• Your goal
Word for word, restate the lines of the listing below from the line with "Flamingo kleurplaat - kleurplaten" through the line with "Truck transport companies", and do not include the pictures.

• Source information
────────────────────

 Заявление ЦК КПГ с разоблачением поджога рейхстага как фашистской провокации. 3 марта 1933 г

────────────────────

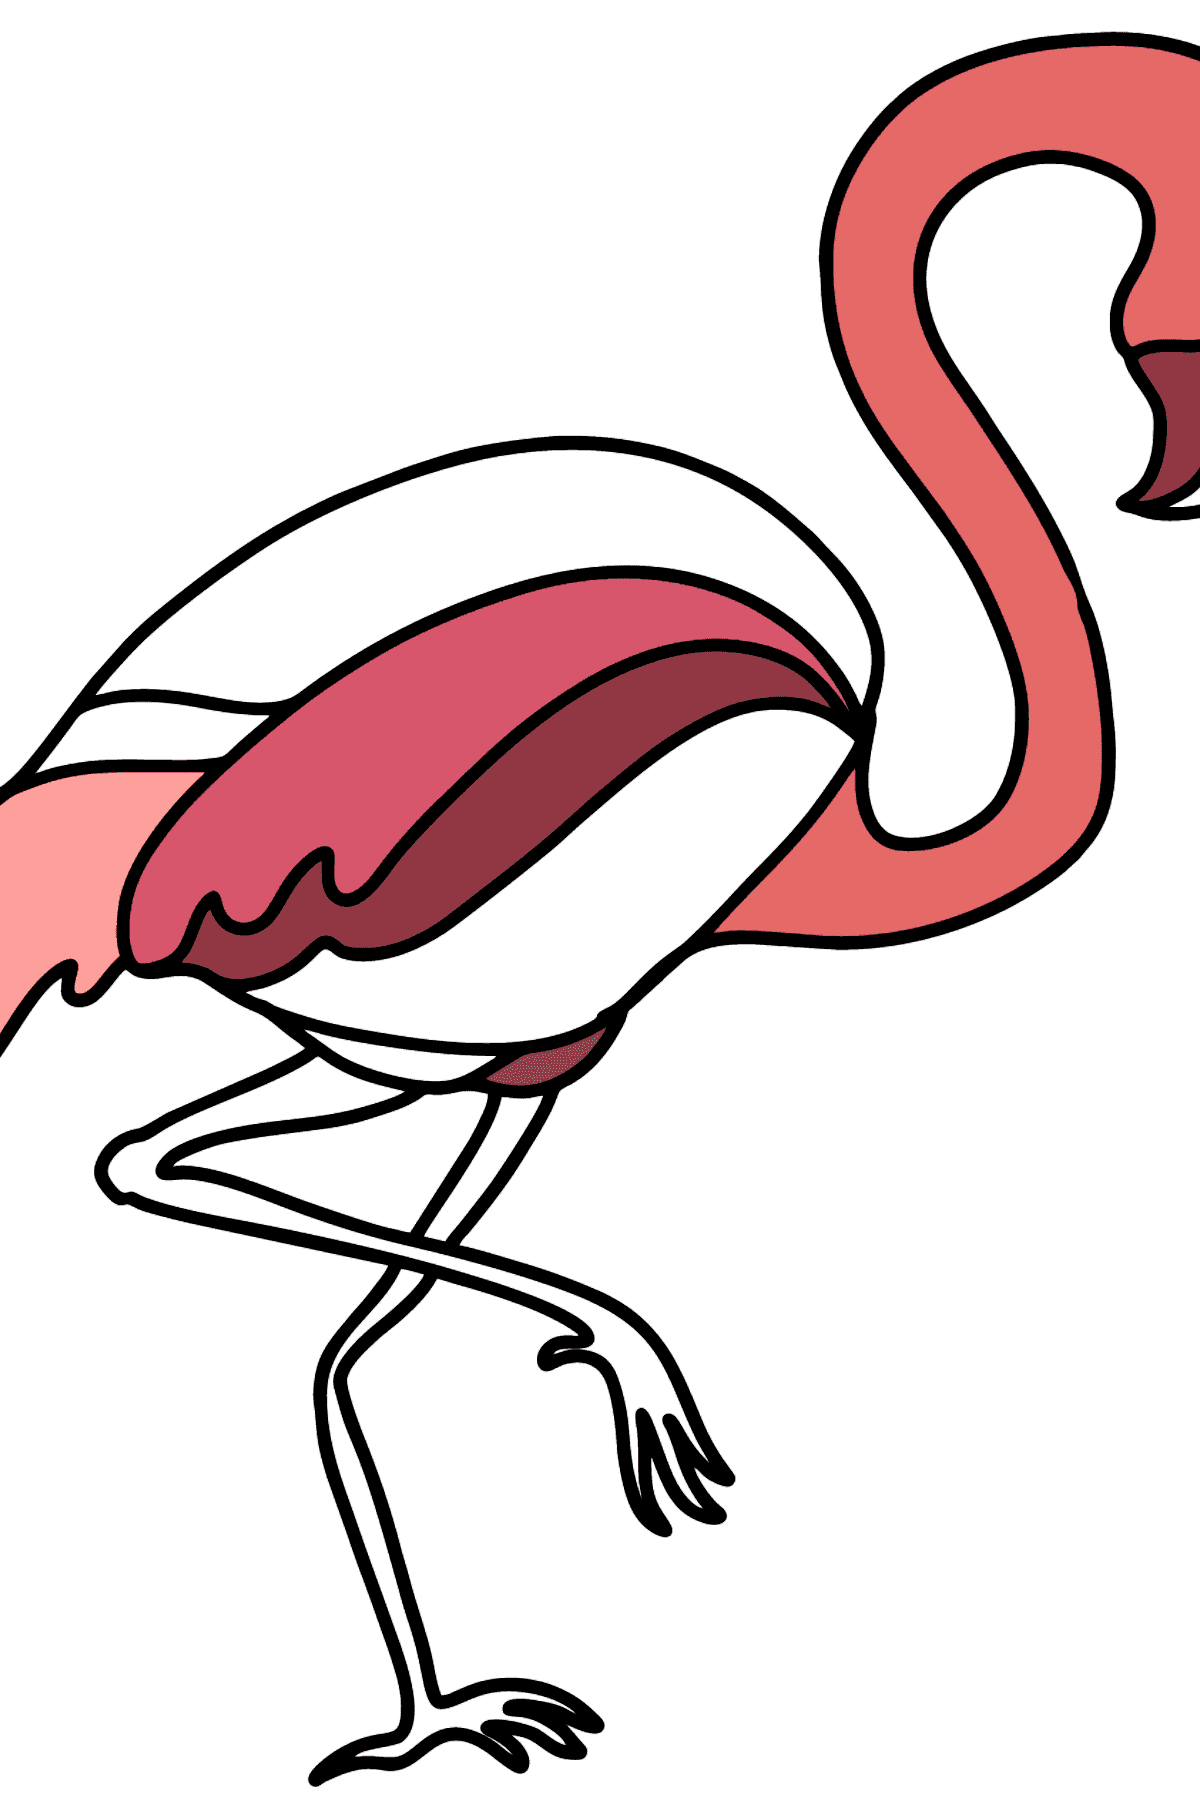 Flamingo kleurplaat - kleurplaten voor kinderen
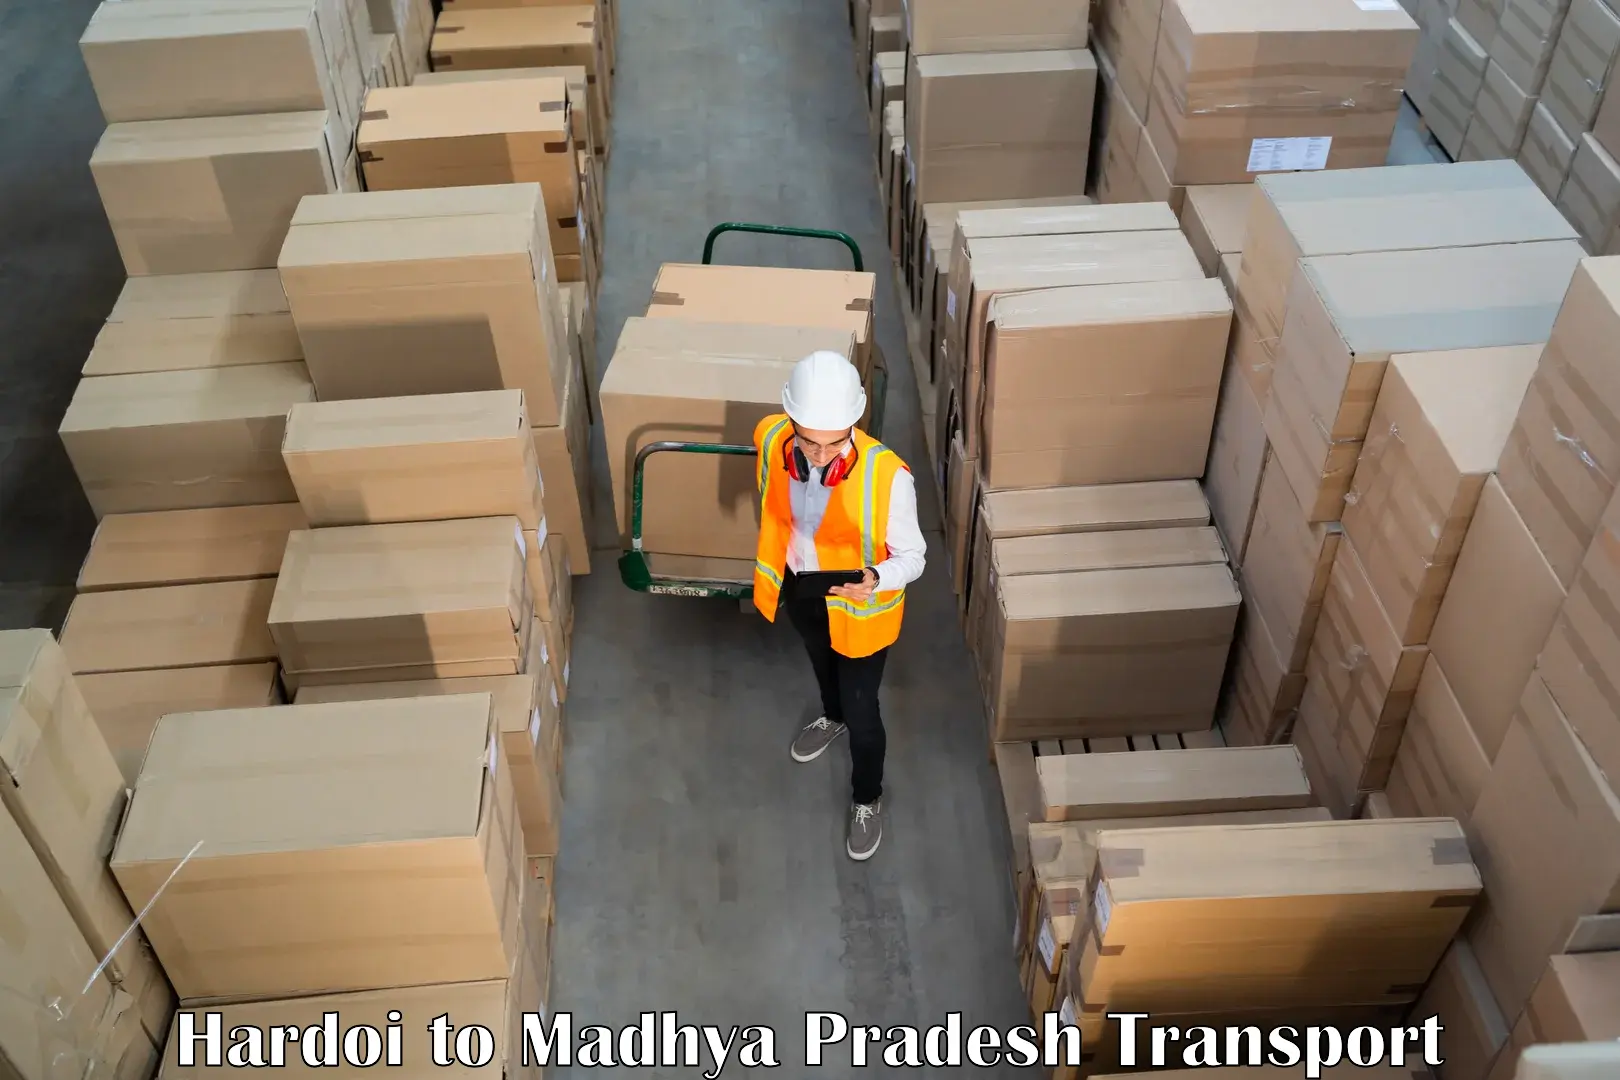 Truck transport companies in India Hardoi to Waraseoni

────────────────────

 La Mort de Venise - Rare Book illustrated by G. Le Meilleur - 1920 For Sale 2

────────────────────

• Exercise response
 Flamingo kleurplaat - kleurplaten voor kinderen
 Truck transport companies in India Hardoi to Waraseoni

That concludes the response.